It's silicone, so fully CPOP safe. Next time when I make boring castile soap, I'll definitely CPOP then (and hopefully remember your words of patience to not take them out of the oven too early).
 
That's a pretty green! I'm very curious to see how it holds up. Definitely keep storing it in a dark place ;)
 
Hi @szaza Yes, your incredibly elaborated thread about natural colours was one of the reasons for me to try this out! Who knows, maybe it might even be preparatory for something I'm not (yet) allowed to talk about. 🤫
 
Day 92 – Test time!

T+92d_ho_sunflower+mate.jpg
(This photo is deliberately underexposed, so that you can see the pearly shimmer of the dried surface.)

I'm really happy with this bar of soap! I had feared the worst when I extrapolated castile slime from 60% HO soaps, but it actually wasn't that bad. The edged shape was a bit uncomfortable (scratchy) at first, and I had to rub quite a bit until something dissolved and eventually gave some lather (and just a few gooey ropes too). The skin feels very clean, warm and dry afterwards. If I had to criticise this recipe in a blind test, I'd recommend lowering coconut oil by 5% or 10% 🤣.
But the hardness is above any suspicion. Time will show if the purportedly mediocre longevity of high-oleic soaps hits. My impression so far is no worse than these mango-rice bran bars that dissolved tooooo quickly.

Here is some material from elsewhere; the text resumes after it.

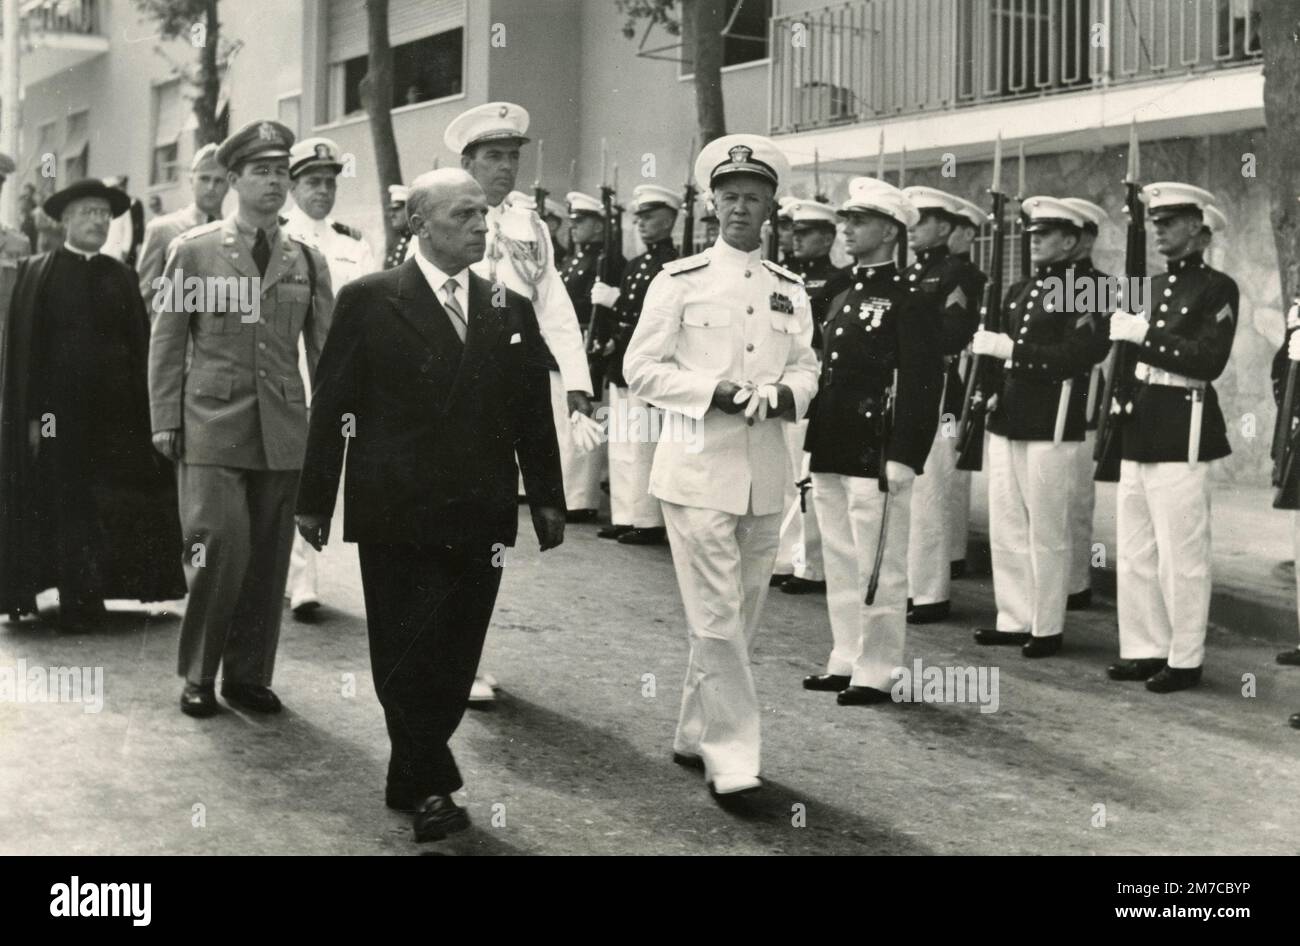 Figura politica italiana visita caserma militare americana, 1950s Foto Stock

Before testing, I broke the bar into halves, and one half will be weighted each month or so for indefinite time. The bar was surprisingly difficult to break, but it eventually broke cleanly, with a sound like a good bar of chocolate, and the fracture surface also looks like that: conchoidal with a uniform roughness.

castile_history.png
Drying curve: The fresh soap batter contained 15.3% water, so the absolute minimum dry mass is 84.7% of the initial weight. A large portion of the moisture (just below half of total water) evaporated within the first month. Ever since then, it is losing weight at a rate of 1% per month, with no signs of slowing down so far (at that speed, the theoretical limit is hit after about one year). Note how the three bars I initially watched, were stunningly similar in their drying speed.
Dimension wise, the width of the bars shrunk from initially 45 mm down to about 43 mm. Assuming isometric shrinkage, that's about a volume loss of very roughly 13%, which doesn't quite fit to my impression of being light and “hollow”.

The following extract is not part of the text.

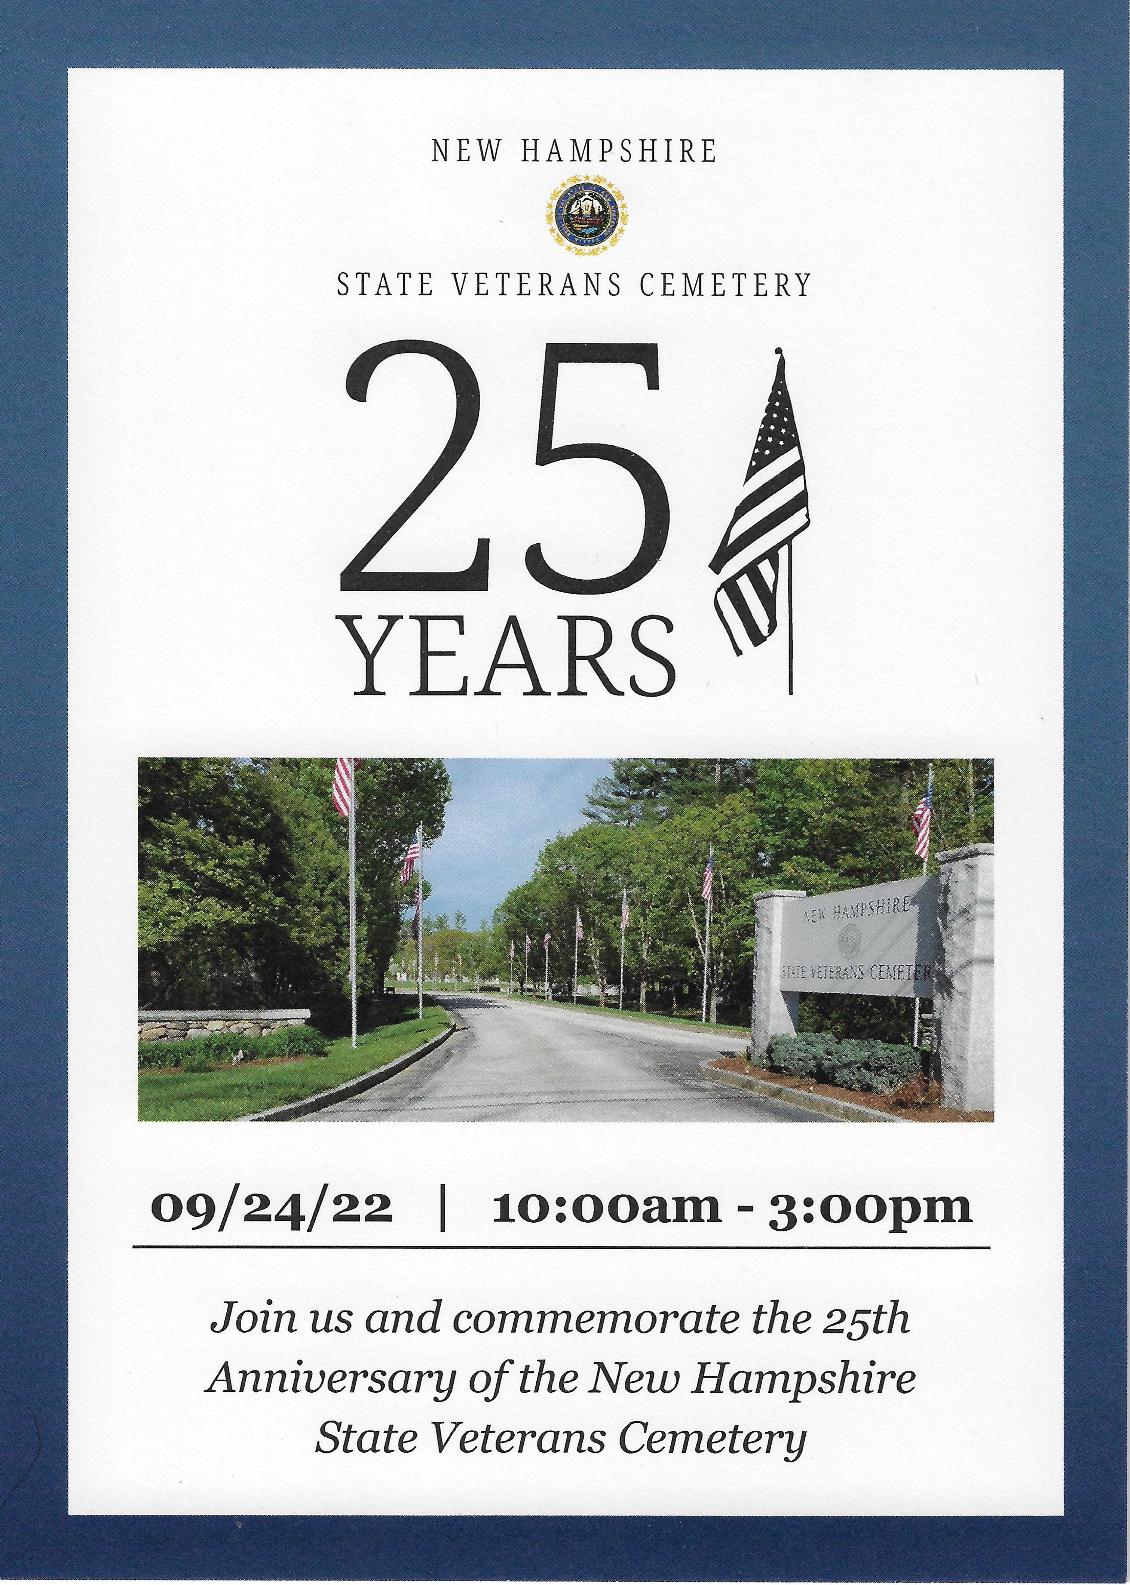 New Hampshire State Veterans Cemetery 25th Anniversary Invitation Cover

Anyway, expect updates on this in loose intervals.
 
I also must refer to @DeeAnna's similar experiment a few years ago:
https://www.soapmakingforum.com/threads/cure-time.35831/That whole thread is highly worth reading, full of insights of what is happening inside a soap during cure.
She presents a graph similar to mine above, with a better time resolution and over a shorter period of time, for good reasons: her soaps, made from realistic, balanced oil blends, went through curing in an average time. Saturation (flattening curve) is visible from about a month in.

Meanwhile, my castile soap is much more “lazy” and moves very slowly… (Note how it has needed three months to lose as much moisture as hers by the four week mark.)
 
Time flies, 7 months in, time for another update!

Weight loss has slowed down, but hasn't fully stopped yet:
castile_history+7m.png
Averaged over the last months, evaporation losses are about a third of the drying rate with respect to the months 2–4.

Not too many suprises with the soap itself. It's about the hardest bar of soap of all I have. Its castile slime emission is beyond words. Lather is loose, translucent, runny and not very stable, but it is there and I can well live with it. The soap feels somewhat ropy and sticky on the skin, but is easily washed away, to leave the skin with a sensation of deep cleanliness, maybe even a bit too deep. Moist but water-moist, that after the water has dried up, makes the skin feel a bit chalky. Not the least conditioning, emollient, or nourishing. My skin does not like this soap; at least in its current state, it might get used to it, but I won't chance it (and if it's just to conserve my test bar for more tests in the further future).